Helium is collected over water at \(25^{\circ} \mathrm{C}\) and \(1.00 \mathrm{~atm}\) total pressure. What total volume of gas must be collected to obtain \(0.586 \mathrm{~g}\) helium? (At \(25^{\circ} \mathrm{C}\) the vapor pressure of water is \(23.8\) torr.)

You have a sealed, flexible balloon filled with argon gas. The atmospheric pressure is \(1.00 \mathrm{~atm}\) and the temperature is \(25^{\circ} \mathrm{C}\). Assume that air has a mole fraction of nitrogen of \(0.790\), the rest being oxygen. a. Explain why the balloon would float when heated. Make sure to discuss which factors change and which remain constant, and why this matters. Be complete. b. Above what temperature would you heat the balloon so that it would float?

An \(11.2-\mathrm{L}\) sample of gas is determined to contain \(0.50 \mathrm{~mol} \mathrm{~N}_{2}\). At the same temperature and pressure, how many moles of gas would there be in a 20.-L sample?

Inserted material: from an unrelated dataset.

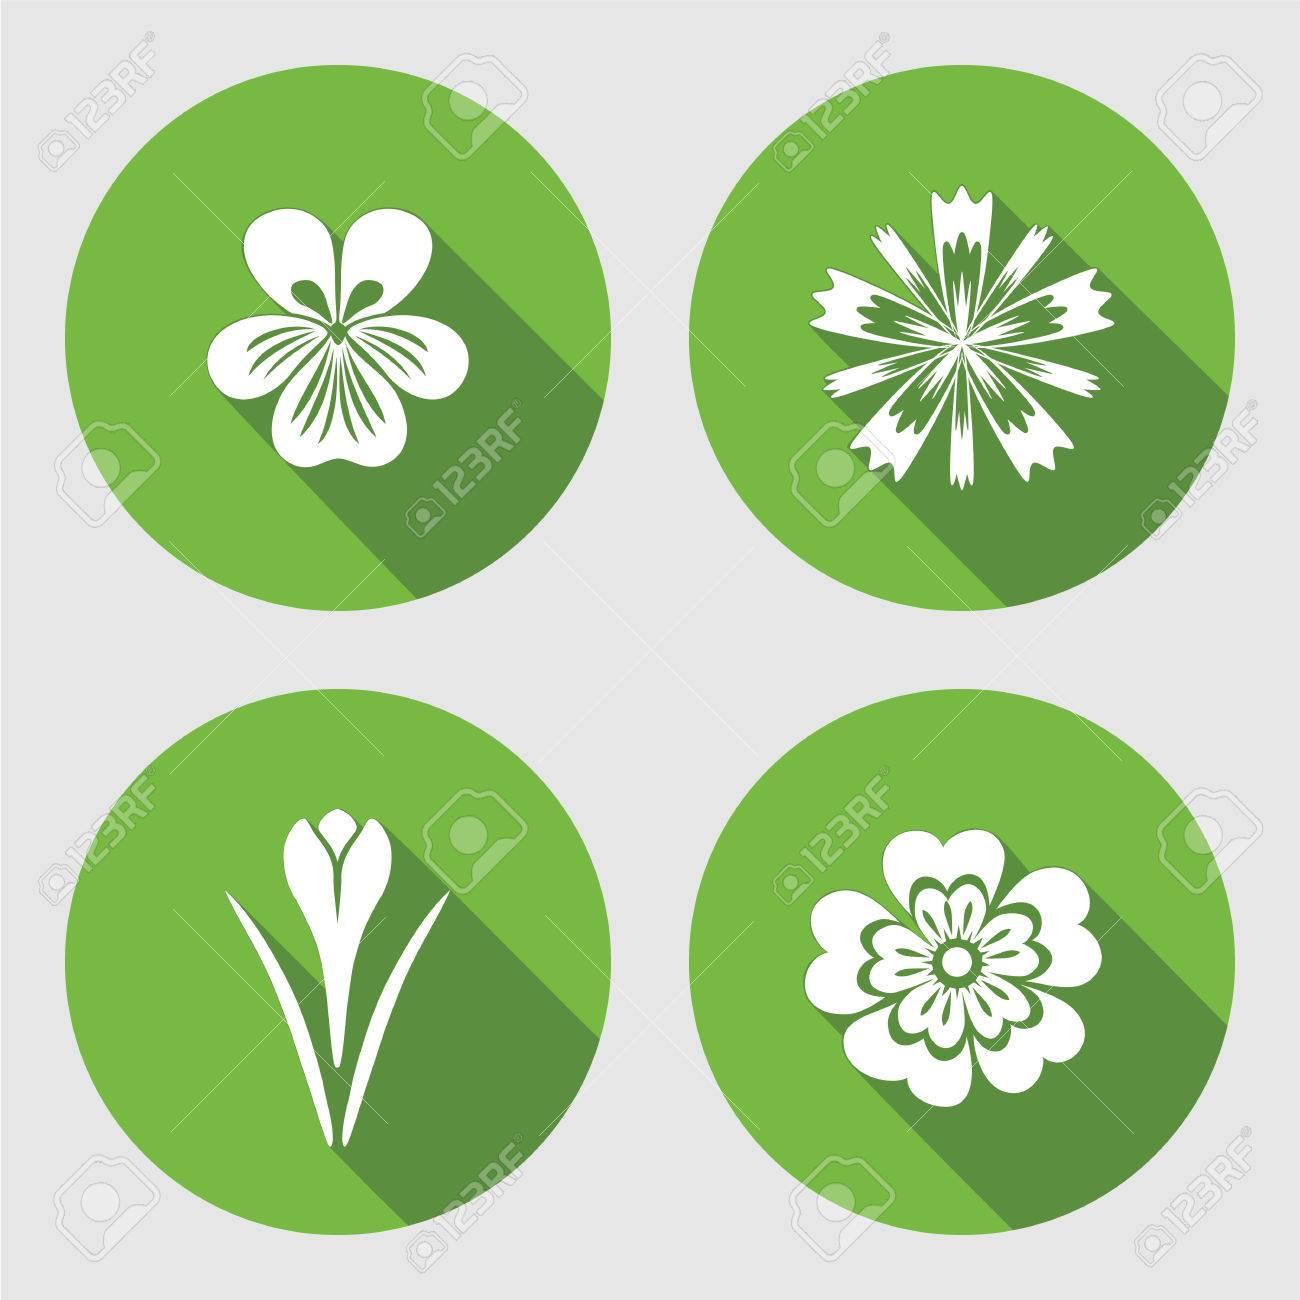 Blumen Gesetzt. Primula, Viola, Blaumohn, Crocus, Safran ...

Small quantities of hydrogen gas can be prepared in the laboratory by the addition of aqueous hydrochloric acid to metallic zinc. $$ \mathrm{Zn}(s)+2 \mathrm{HCl}(a q) \longrightarrow \mathrm{ZnCl}_{2}(a q)+\mathrm{H}_{2}(g) $$ Typically, the hydrogen gas is bubbled through water for collection and becomes saturated with water vapor. Suppose \(240 . \mathrm{mL}\) of hydrogen gas is collected at \(30 .{ }^{\circ} \mathrm{C}\) and has a total pressure of \(1.032\) atm by this process. What is the partial pressure of hydrogen gas in the sample? How many grams of zinc must have reacted to produce this quantity of hydrogen? (The vapor pressure of water is 32 torr at \(30^{\circ} \mathrm{C}\).)

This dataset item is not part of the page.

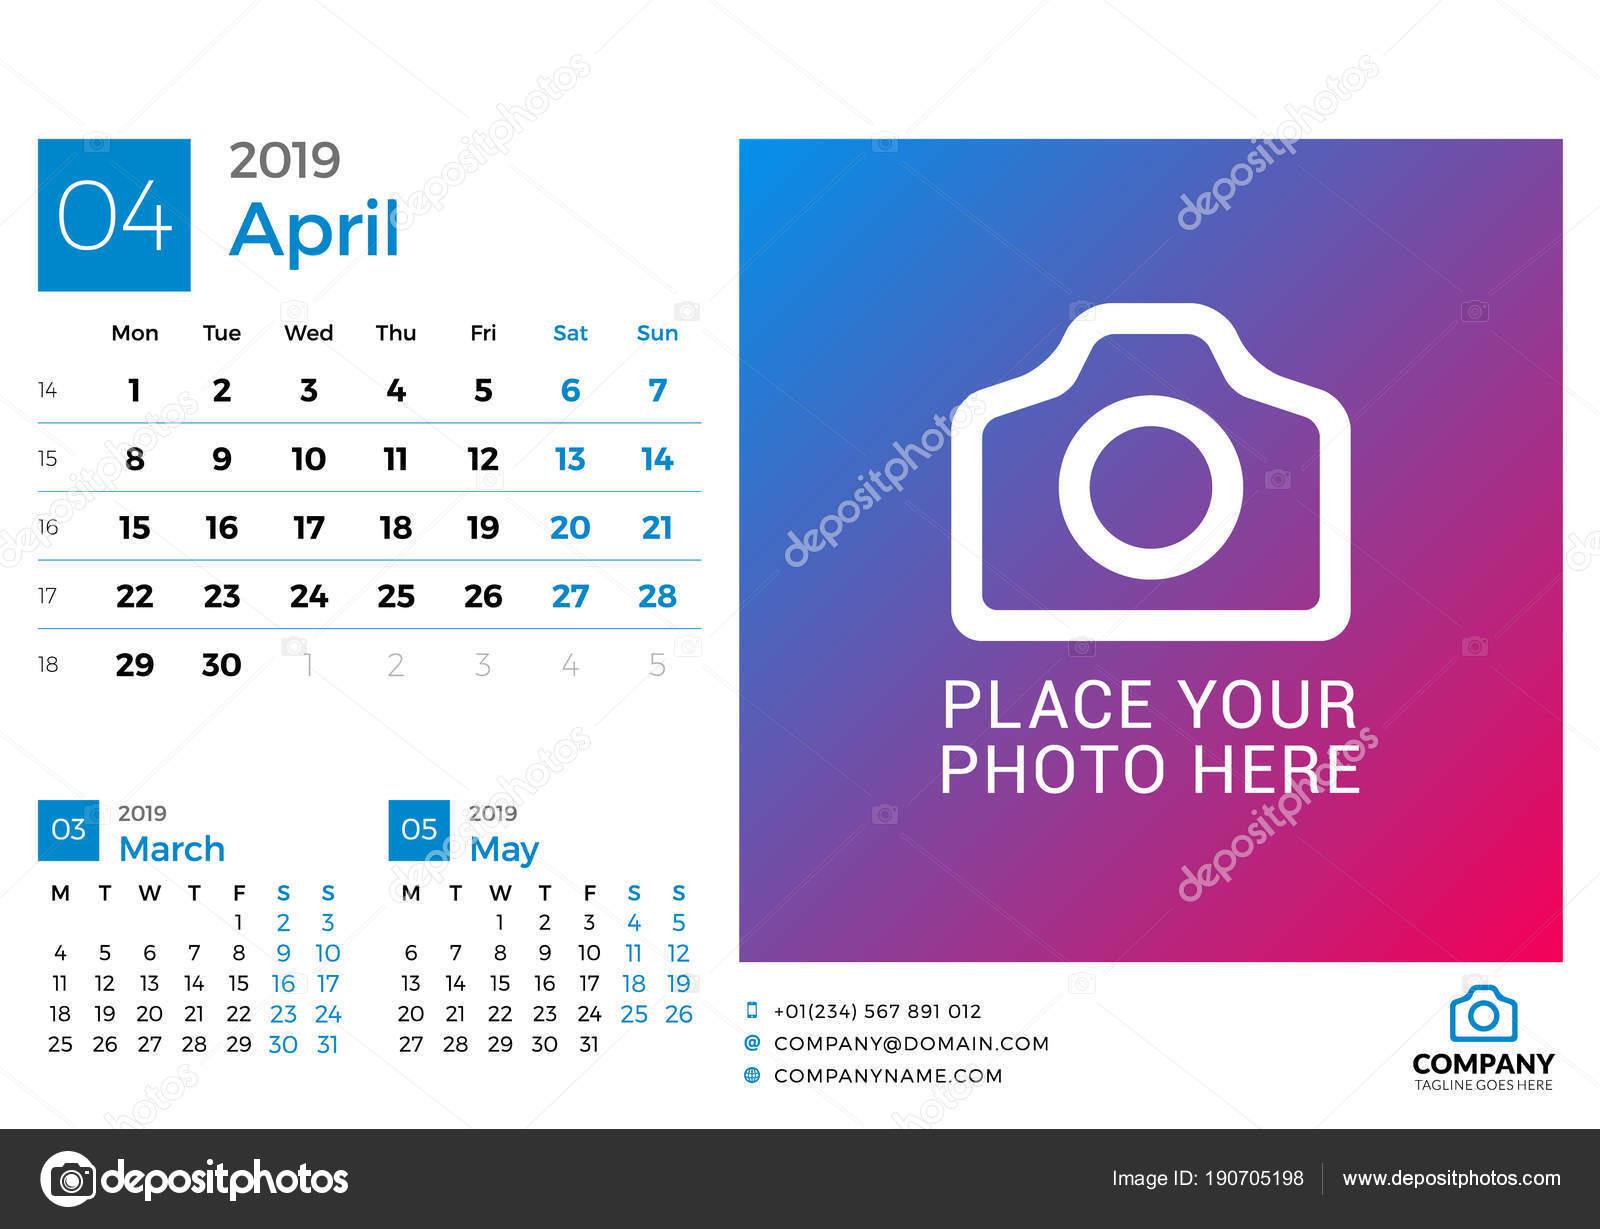 2019 年 4 月のカレンダーです 写真や会社のロゴのための場所を持つ

The partial pressure of \(\mathrm{CH}_{4}(g)\) is \(0.175\) atm and that of \(\mathrm{O}_{2}(g)\) is \(0.250\) atm in a mixture of the two gases. a. What is the mole fraction of each gas in the mixture? b. If the mixture occupies a volume of \(10.5 \mathrm{~L}\) at \(65^{\circ} \mathrm{C}\), calculate the total number of moles of gas in the mixture. c. Calculate the number of grams of each gas in the mixture.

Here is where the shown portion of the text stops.